**EXERCISE DETAILS:** At the line with "Dusk pictures at", start transcribing; stop after the last line of the data below. Keep it exact and leave pictures out.

**RAW DATA:**
++++++
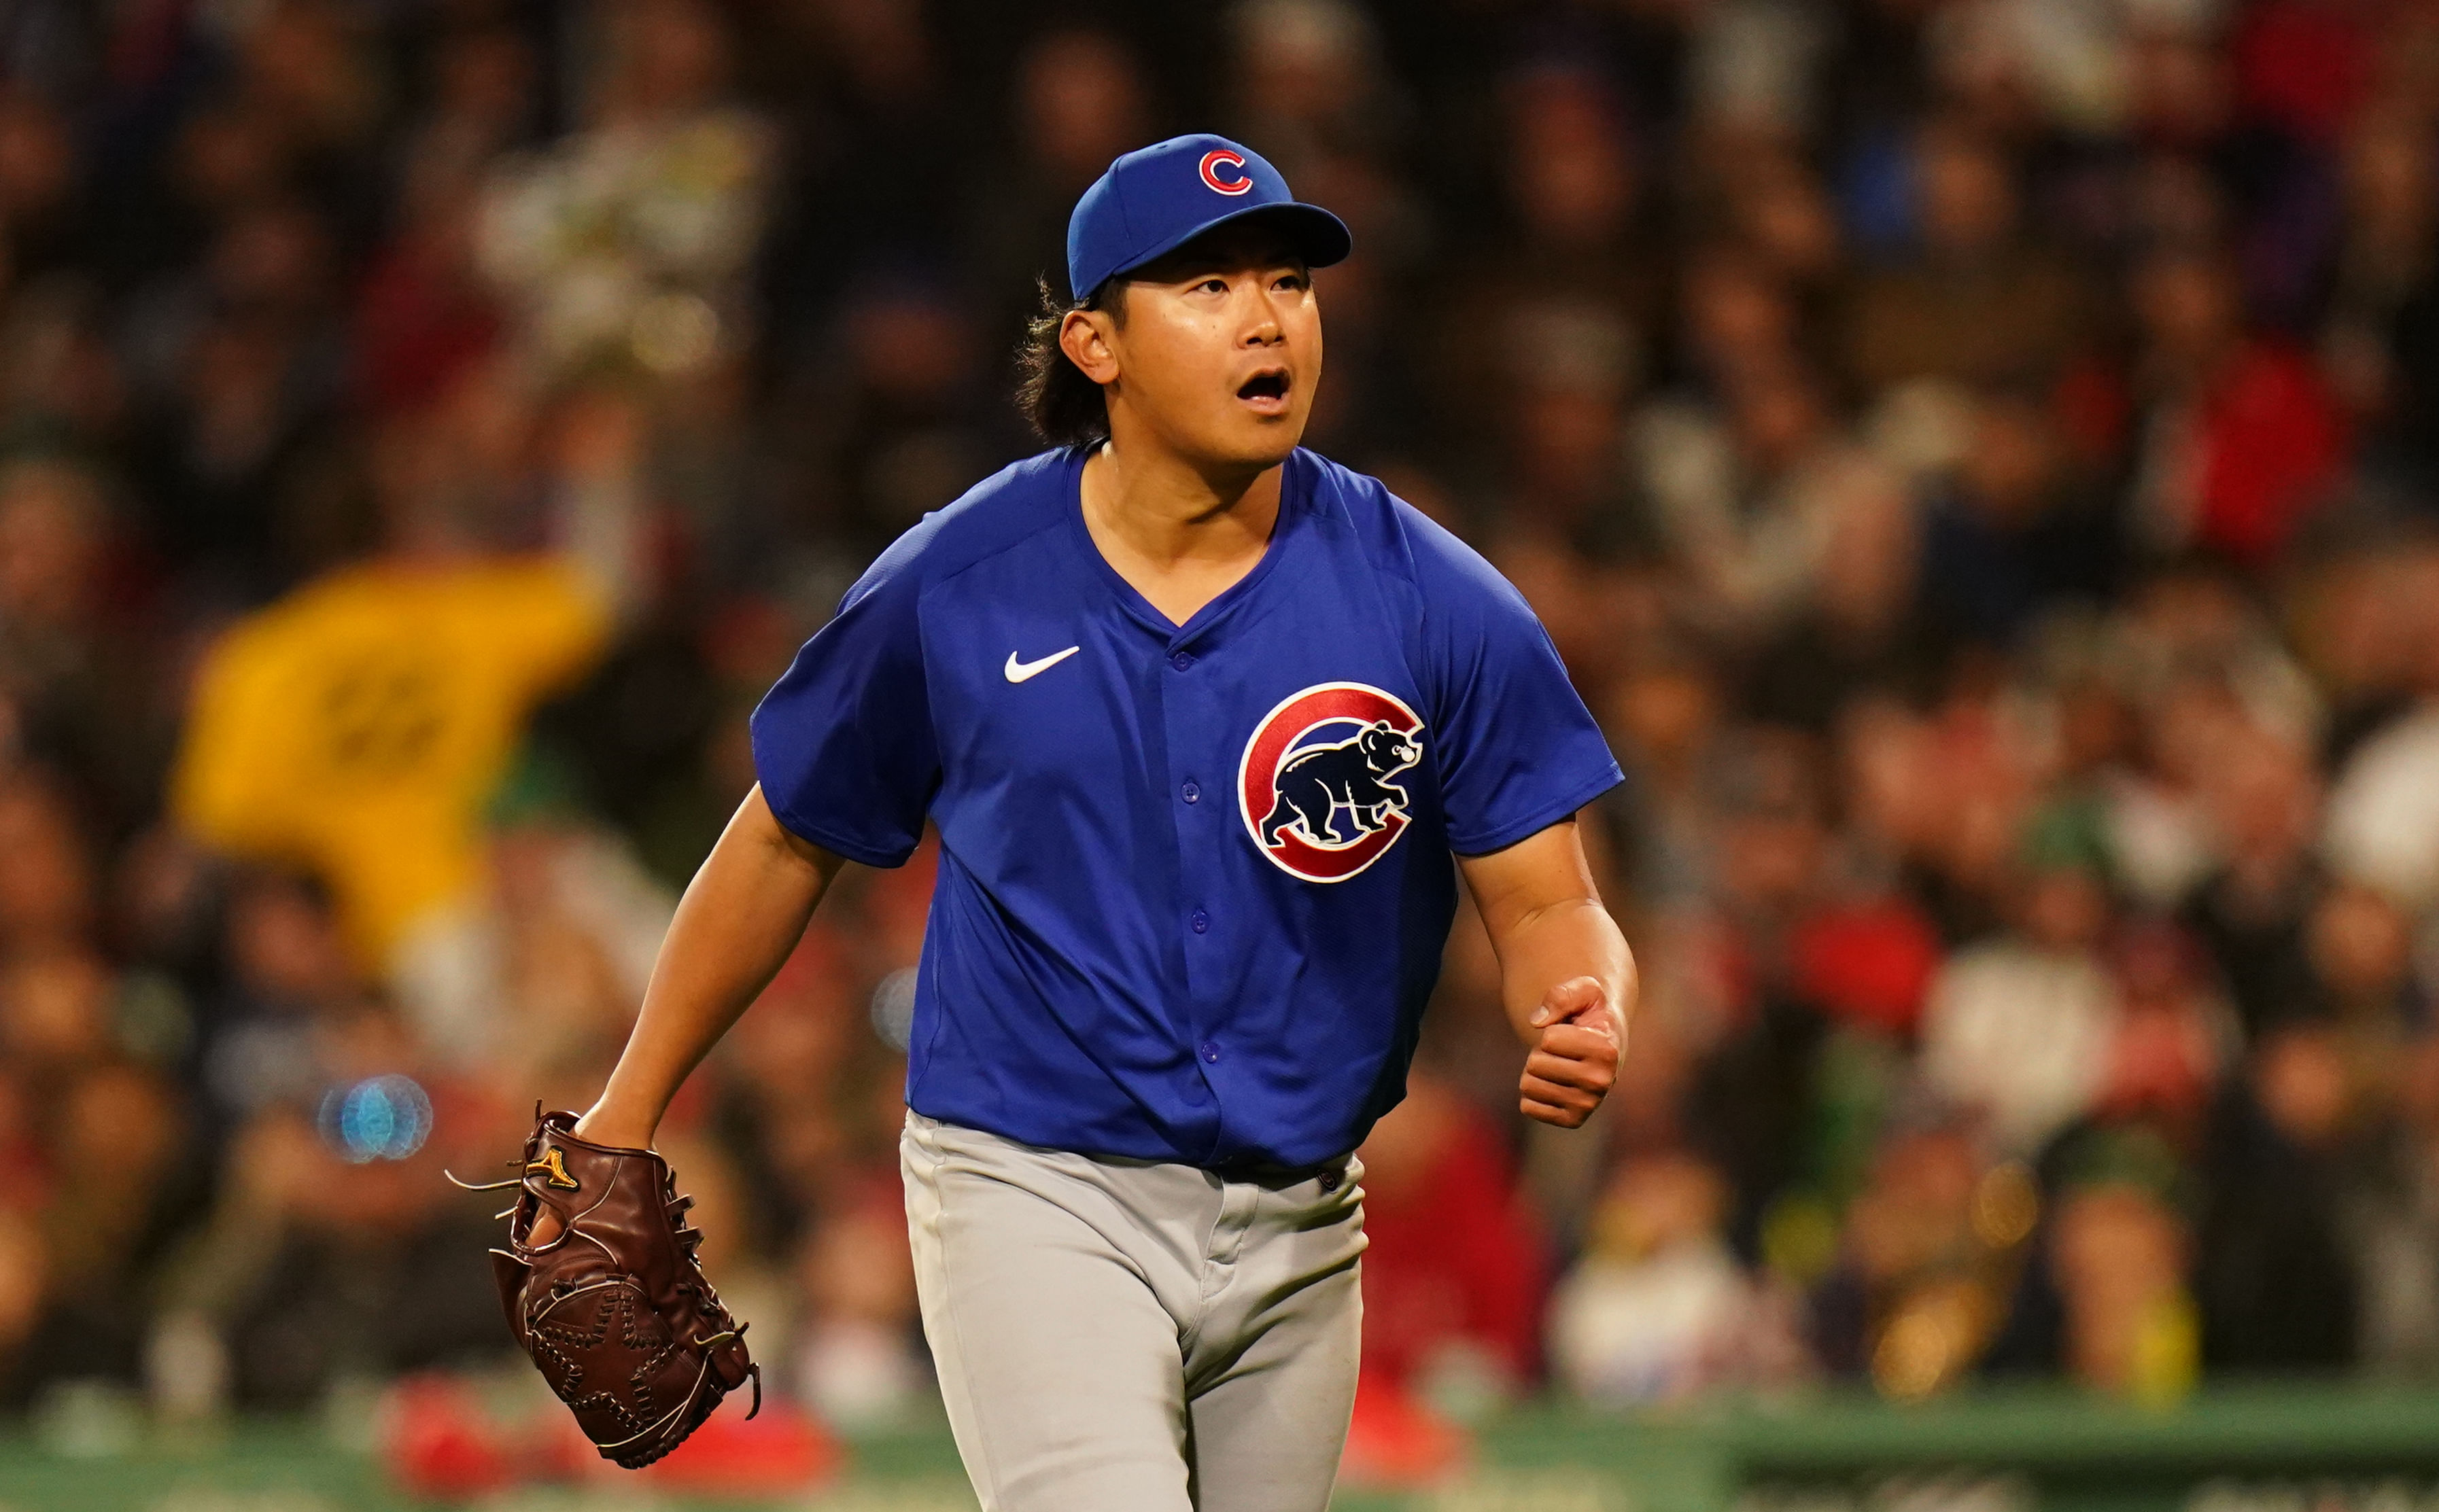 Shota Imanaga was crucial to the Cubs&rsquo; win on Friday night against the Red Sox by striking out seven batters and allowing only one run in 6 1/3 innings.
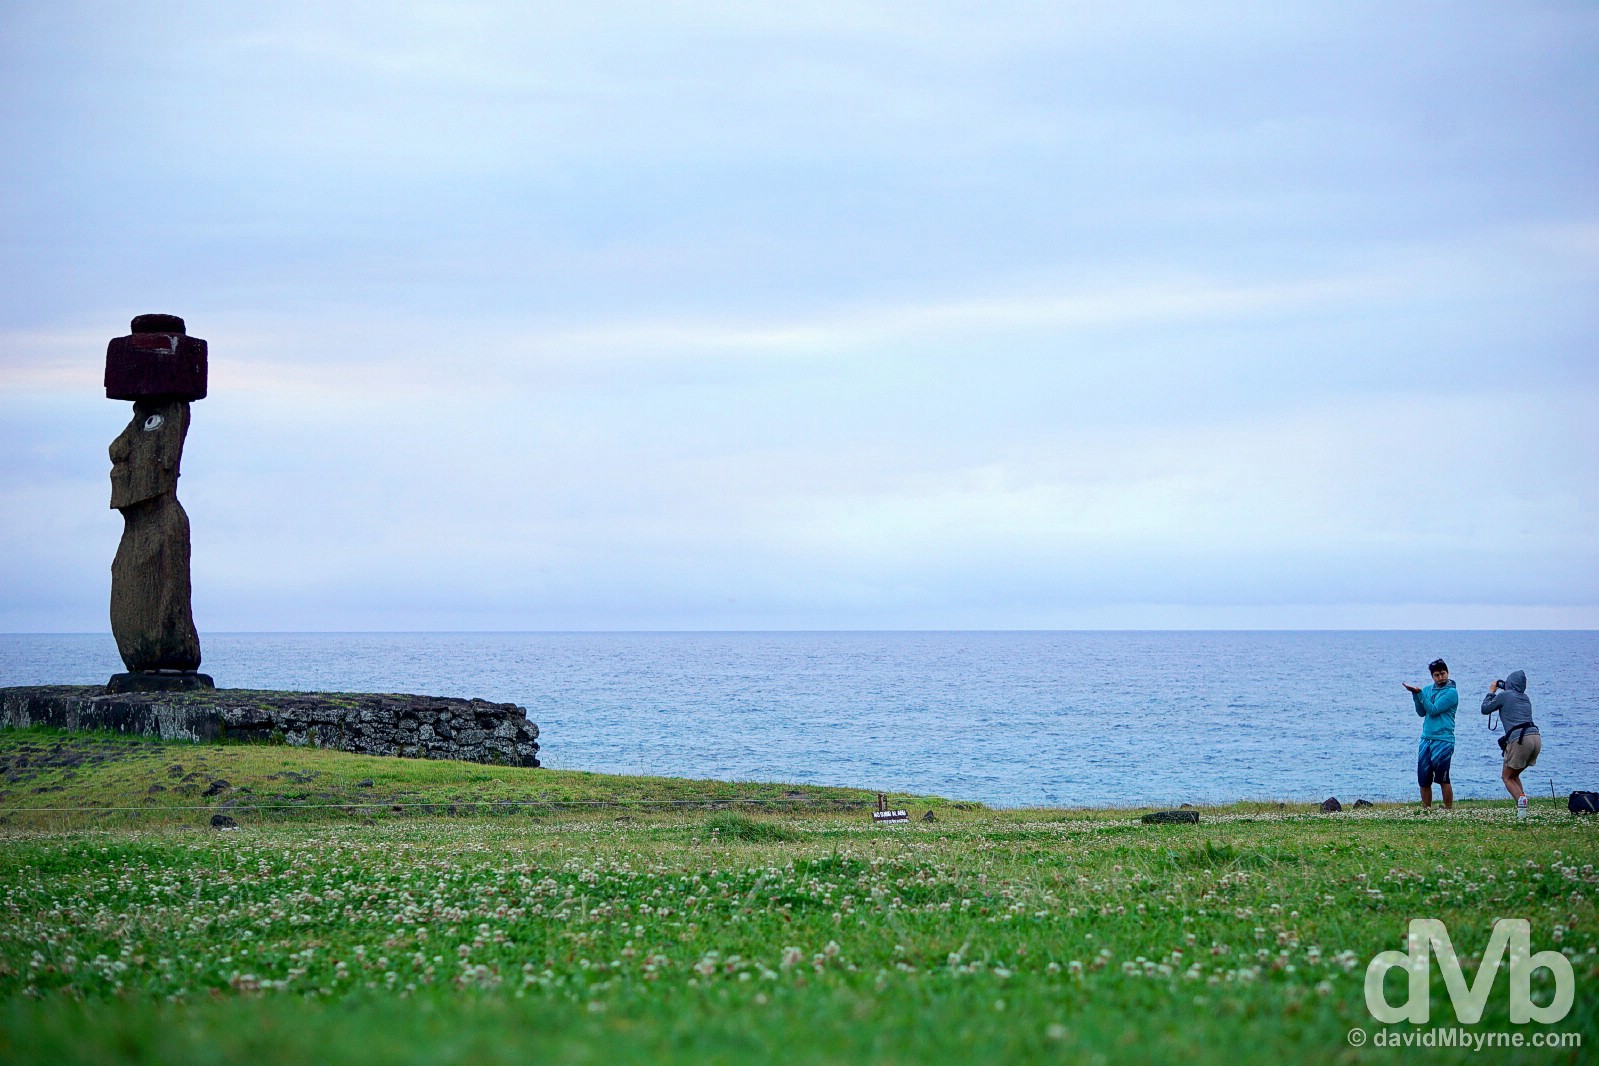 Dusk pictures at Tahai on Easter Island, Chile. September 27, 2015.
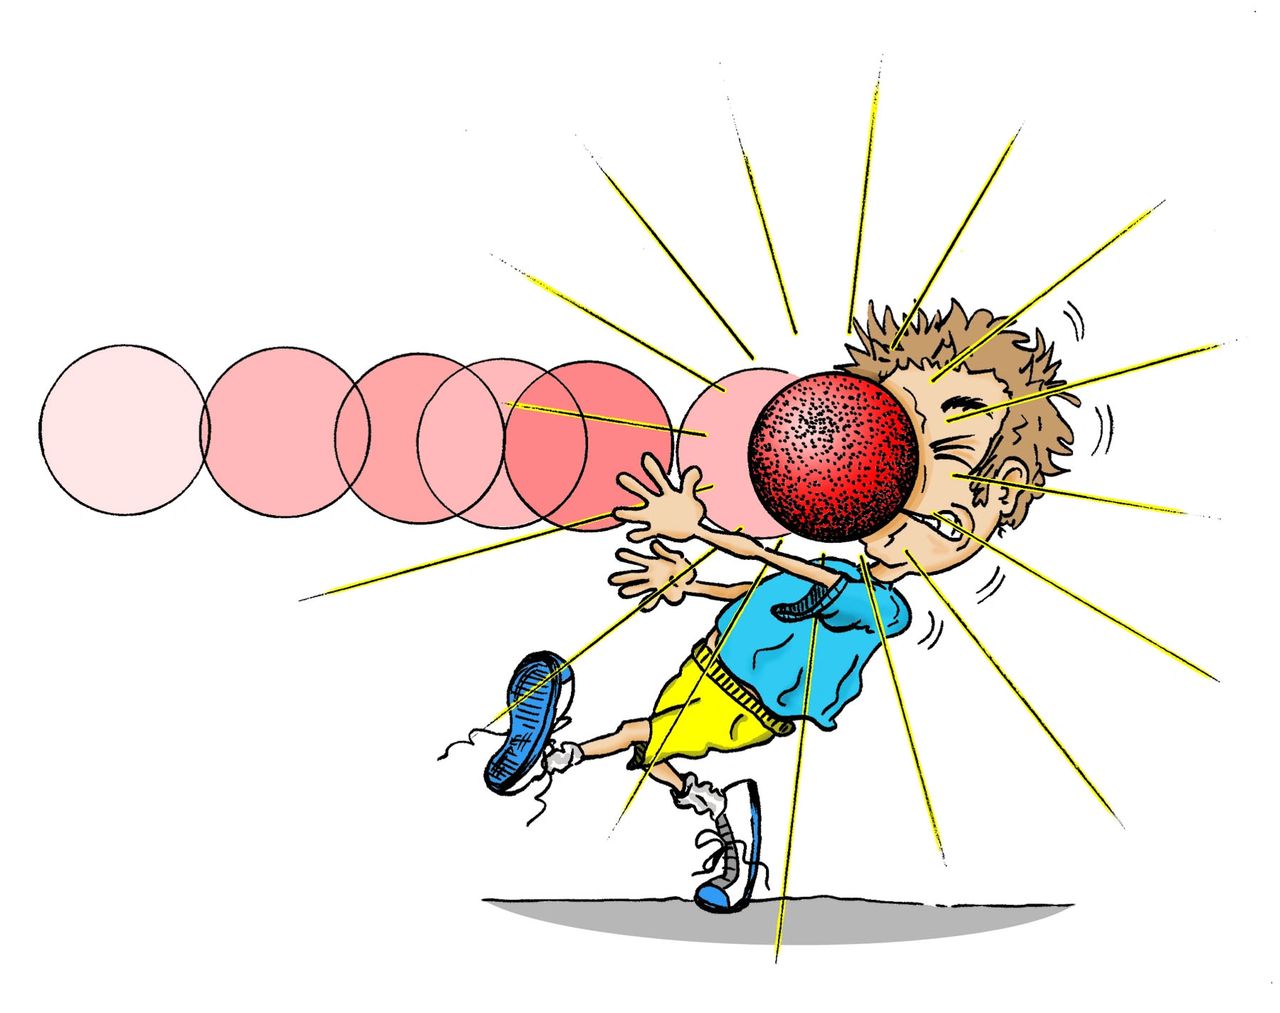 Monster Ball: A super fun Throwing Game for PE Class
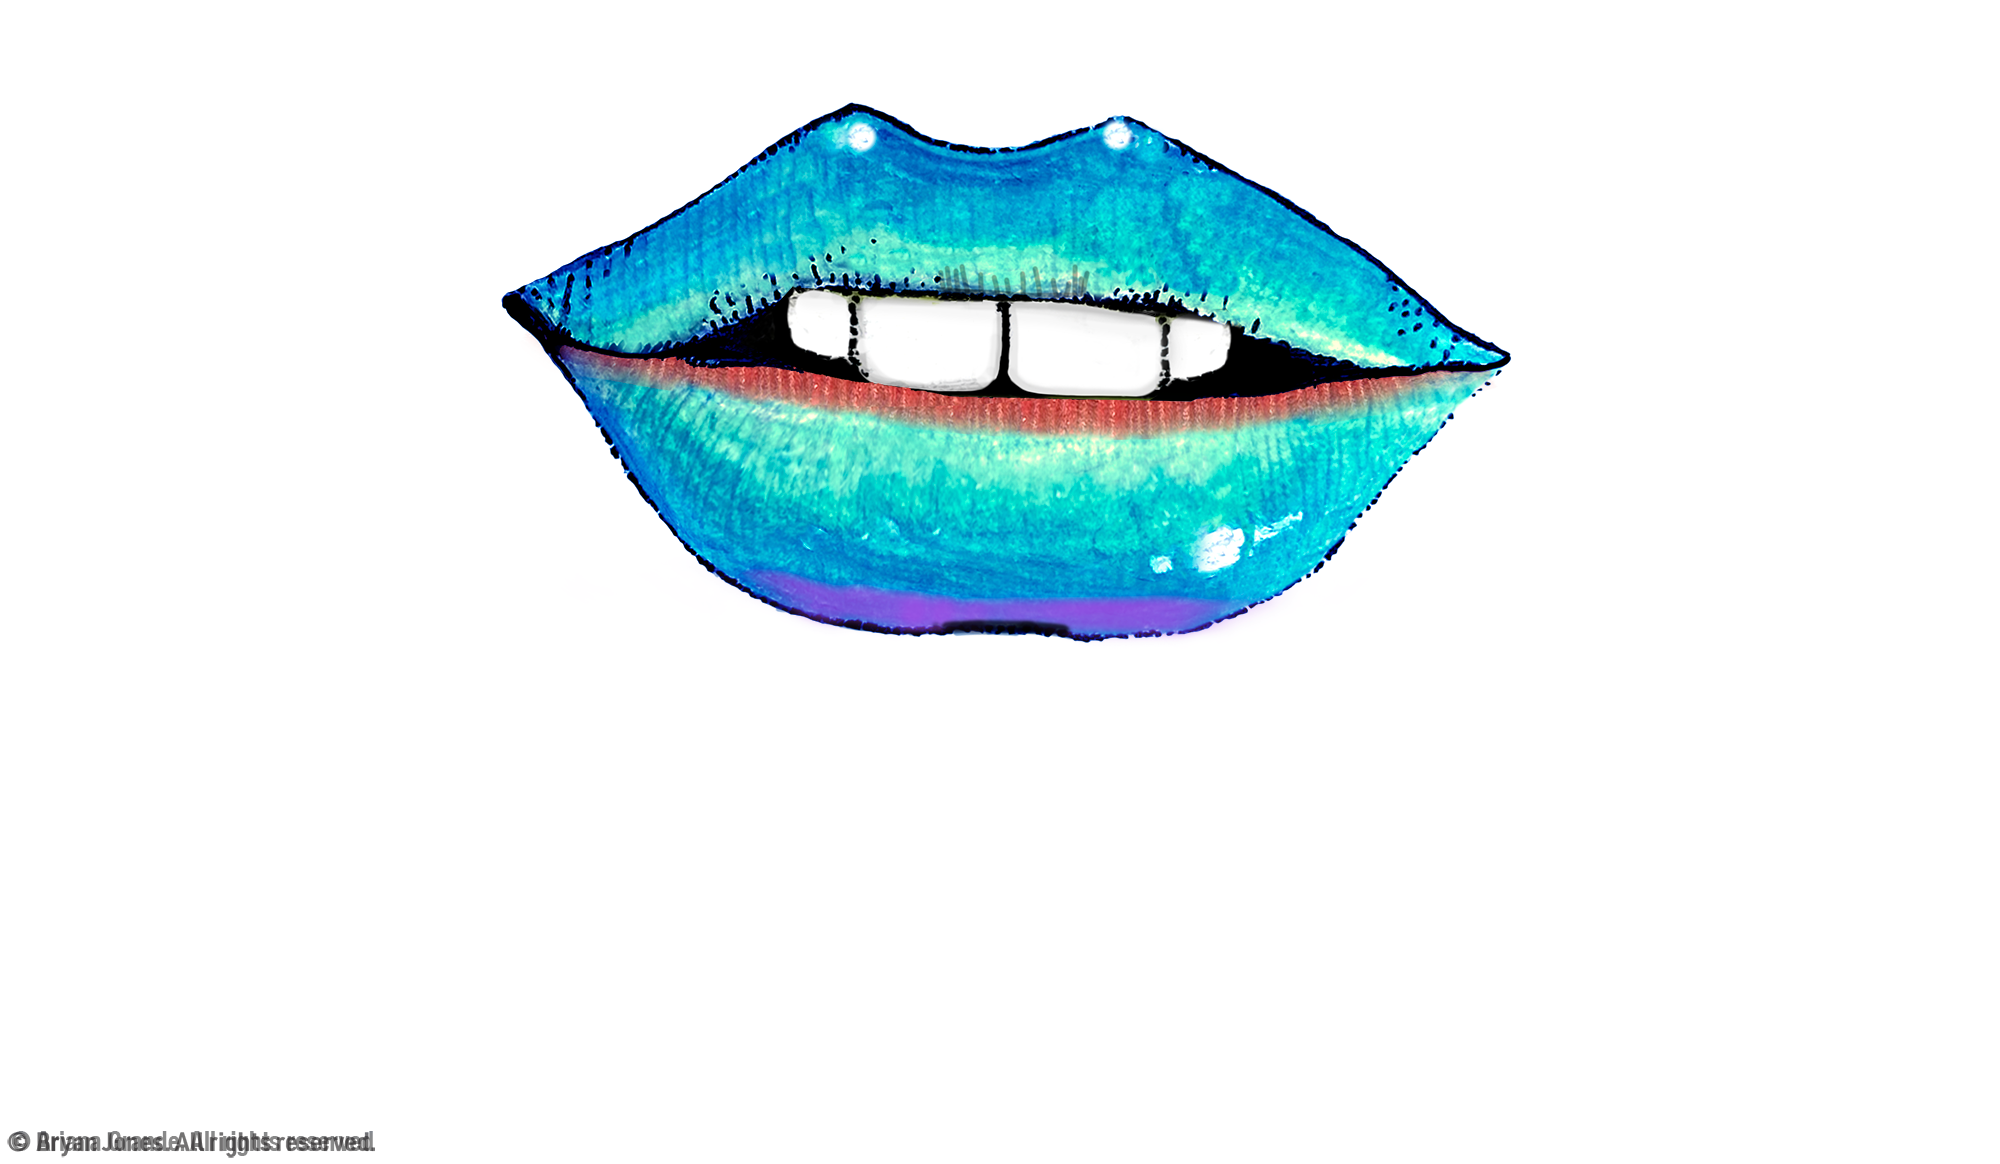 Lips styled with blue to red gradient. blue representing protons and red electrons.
++++++
**FINISHED TASK:**
 Dusk pictures at Tahai on Easter Island, Chile. September 27, 2015.
 Monster Ball: A super fun Throwing Game for PE Class
 Lips styled with blue to red gradient. blue representing protons and red electrons.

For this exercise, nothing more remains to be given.